Он вздыхает, а сама я сижу затаив дыхание. И в этой тишине между нами возникает особое взаимопонимание, мы оба молчим — о трудностях жизни, о моем невезении, обо всех разочарованиях, о Майкен, о том, что папа скоро уйдет в другой мир, о том, что он, пожалуй, никогда не поддерживал меня так, как я в этом нуждалась, и все же в нашем молчании звучат прощение и забота. Он больше не испытывает разочарования. Он признает, что у меня есть собственные принципы и представления о жизни, требования к самой себе, к жизни; именно теперь приходит понимание — мои склонности и решения, которые он не одобряет, больше не возмущают и не раздражают его. Или к удрученности от моей в очередной раз несостоявшейся семейной жизни примешивается облегчение оттого, что я вышла из проекта с фермерством и любовью к писателю, и все это переходит в добродушное равнодушие. А я не таю на папу обиды. «Вот так», — повторяет папа.
Тикают дедушкины часы, я слышу, как мама возится на кухне, что-то дребезжит, открывается и закрывается дверца холодильника.
Мобильный телефон тихонько звякает — пришло сообщение от Тронда Хенрика. «Что происходит?» — пишет он. Я говорю маме, что мне нужно сходить к Элизе. Мама смотрит на меня вопросительно, словно ей кажется, что она сделала что-то не так.
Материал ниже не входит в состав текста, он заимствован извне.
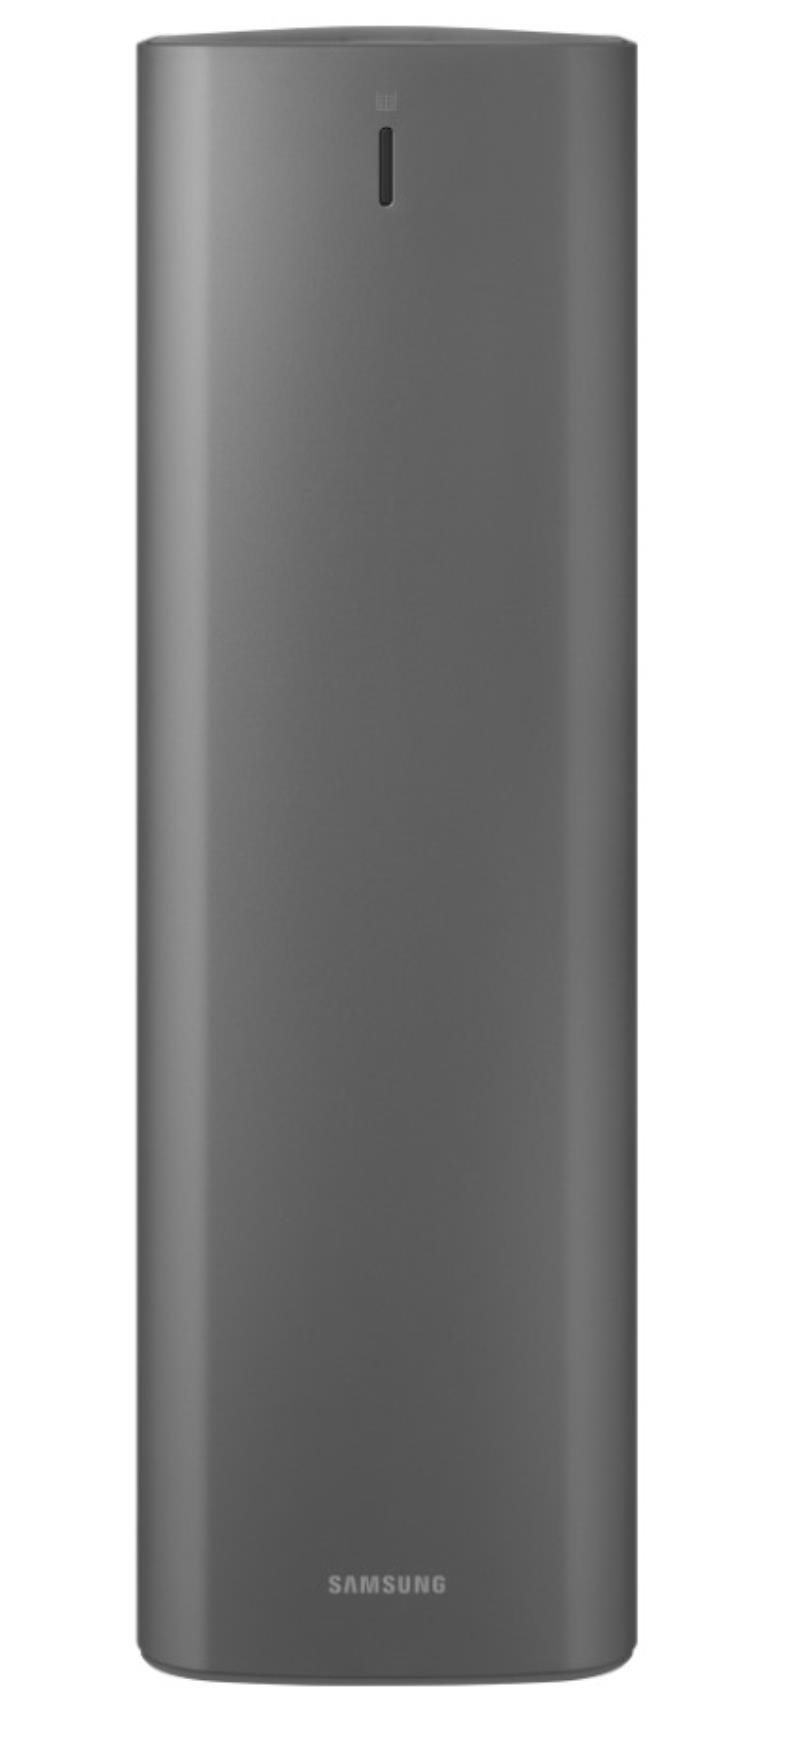 Samsung sacs d'aspirateur (sacs à poussière) Clean Station 5 pcs

Я одеваюсь и выхожу на улицу — до дома Элизы всего каких-то пятьдесят метров. Перед входом стоит мешок с мусором, Элиза открывает дверь. Она отпустила волосы и теперь стягивает их в хвост, на ней просторная рубашка в клетку. Она заключает меня в объятия, а разжав руки, оглядывает с ног до головы.
— Почему ты не сказала, что приедешь?
Я качаю головой.
— Просто хотела узнать, как папа.
— Вот так вдруг? С тобой все в порядке? — спрашивает Элиза.
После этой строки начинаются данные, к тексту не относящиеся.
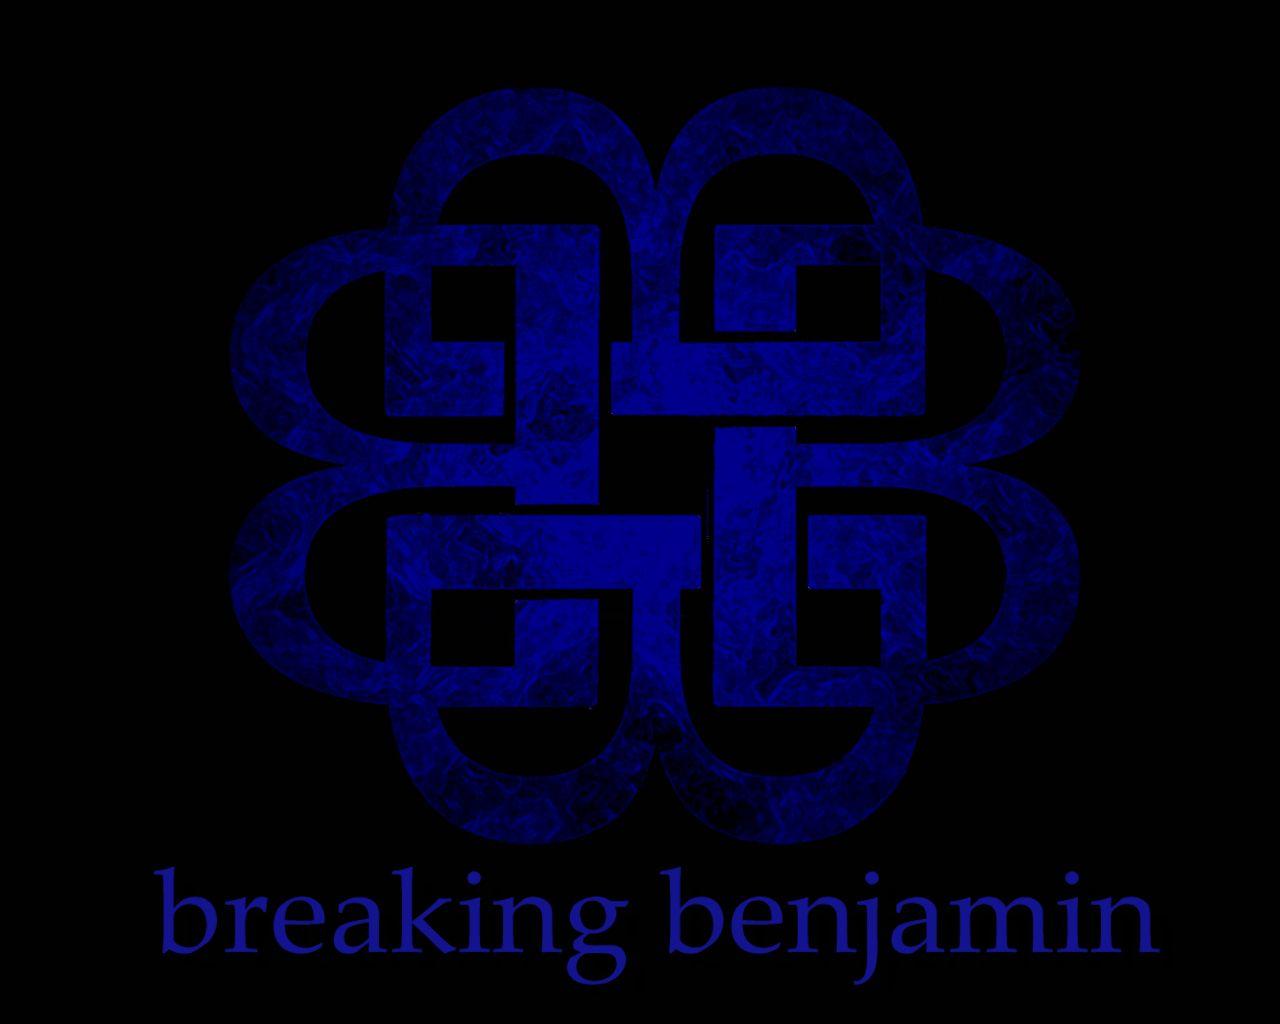 Breaking Benjamin Logo - Breaking Benjamin image breaking benjamin logo HD wallpaper

Я уверяю ее, что со мной все хорошо, и Элиза принимается за дело, от которого я оторвала ее своим приходом: загружает посудомоечную машину. Она зовет Яна Улава.
— Тут Моника! — Она прислушивается, качает головой и больше не кричит. — Может, пойдем прогуляемся?
Я беру у нее шапку и шарф, — уходя из дома мамы с папой, я только накинула куртку и надела ботинки. Элиза поднимает мешок с мусором и тащит его к баку недалеко от ворот.
Я достаю сигареты и прикуриваю.
— Можно мне тоже? — спрашивает Элиза, но когда я протягиваю ей пачку, она задумывается и отказывается: — Нет, ладно, не надо. Можно кое-что тебе рассказать?
Рассказать? Мне?
— Ян Улав мне изменил, — выдыхает она.
— Что? — почти кричу я.
— Чш-ш, — беспокоится Элиза, словно кругом могут быть чужие уши, злобные сплетники.
— Он изменил мне с Гуниллой, своей ассистенткой, — рассказывает она. — С медсестрой в зубоврачебном кабинете. Она голосует за Партию прогресса. И она уже не так молода.
Элиза теребит свой шарф, то ослабляет его, то затягивает потуже.
— Как ты об этом узнала? — осторожно спрашиваю я.